O.J. Simpson is an NFL sideline reporter (October 7th, 1995)

One of SNL's best O.J. sketches took place after the trial ended, depicting the recent exoneree making lots of murder-related innuendo while doing sideline commentary at an NFL game, including spelling out "I did it" while diagramming plays. It's particularly prescient, considering that O.J. would later pen a book titled If I Did It.
 

Barbara Walters grills Christopher Darden and Marcia Clark (March 16th, 1996)

Throughout the trial, the lawyers themselves were just as fascinating -- if not more fascinating -- than the people on the witness stand, and SNL frequently capitalized on the media frenzy surrounding the lawyer's personal lives. This sketch has 20/20's Barbara Walters (Cheri Oteri) quizzing prosecutor Christopher Darden (Tim Meadows) about his salacious relationship with co-counsel Marcia Clark (Nancy Walls).
 

"Church Chat" smackdown (October 26th, 1996)

In a guest-hosting stint, Dana Carvey put on the Church Lady's garb for the millionth time to shame O.J. (Tim Meadows), referring to him variously as O.J. Sinner,  O.J. Slicer,  O.J. Stabber, O.J. Slasher and O.J. Satan.
 

O.J.'s custody hearing (December 7th, 1996)

O.J.'s legal troubles continued even in the wake of the murder trial. Predictably, SNL stayed on the case, and parodied O.J.'s lack of knowledge about African-American culture in this sketch about his custody battle with his ex-wife's in-laws, with SNL's ultimate Simpson-basher, Norm Macdonald, doing the cross-examination.
 

O.J. Simpson denies burying his money (February 8th, 1997)

Tim Meadows repeatedly shouts "Show me the money!" in this sketch that aired after O.J. was found guilty in the civil suits against him. It's especially eerie now, given that the quip was first uttered in Jerry Maguire Cuba Gooding Jr., who plays O.J. in American Crime Story.
 

O.J. Simpson on murdering for love (January 17th, 1998)
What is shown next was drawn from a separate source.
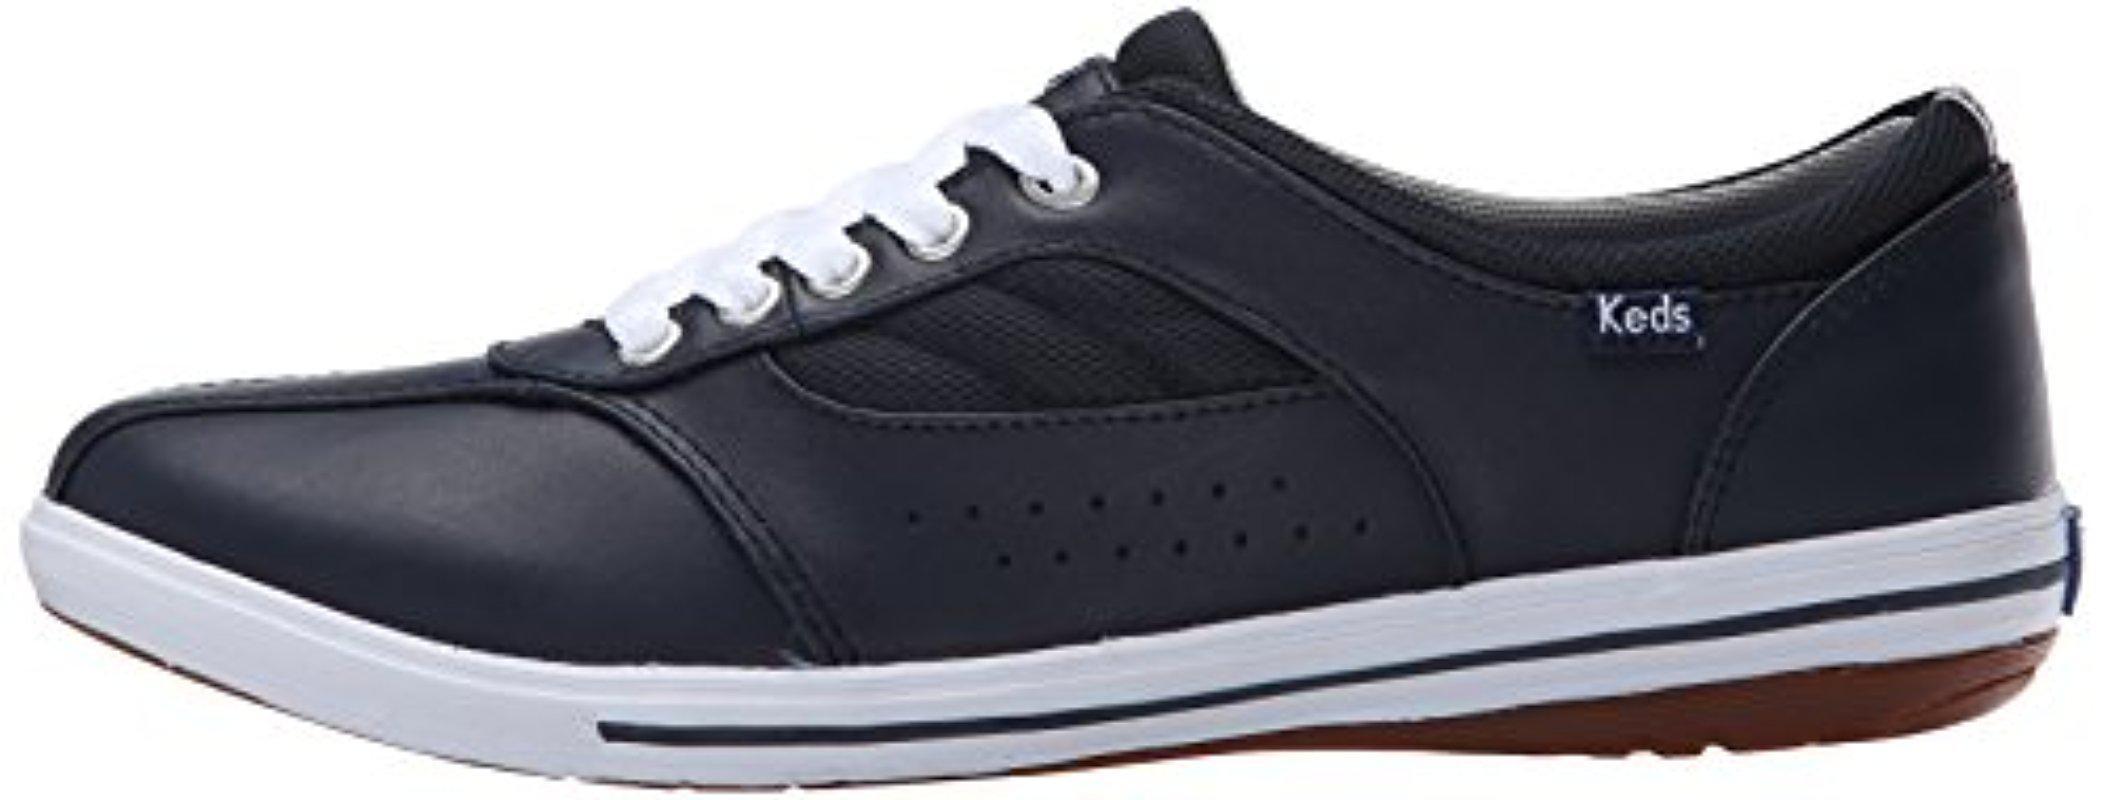 Keds Leather Prestige Fashion Sneaker

SNL had an impressive ability to get mileage out of Tim Meadows' impression even when O.J. wasn't front page news. In one of the first "Weekend Update" segments following Macdonald's removal from the anchor's desk, O.J. weighs in on the case of Ted Kaczynski, aka the Unabomber.
 

Clinton's impeachment hearings (December 12th, 1998)

In which Meadows' O.J. swings by the Bill Clinton impeachment hearings to give some testimony, because why not?
 

O.J. Simpson on coming clean (January 10th, 2004)

In 2004, O.J. (played by Finesse Mitchell) appeared on "Weekend Update," along with fellow accused murderers Phil Spector (Fred Armisen) and Robert Blake (Darrell Hammond), to confess to his crimes -- almost.
 

O.J. Simpson jurors are hard to come by (September 20th, 2008)

O.J.’s legal tribulations continued to be a boon to SNL even up into the late 2000s. When O.J. (now played by Kenan Thompson) was charged with robbery in 2008, SNL made light of the challenges of finding non-biased jurors to adjudicate the case, as even an alien, a man locked in a bunker for decades and a woman raised by wolves know about Simpson's past misdeeds.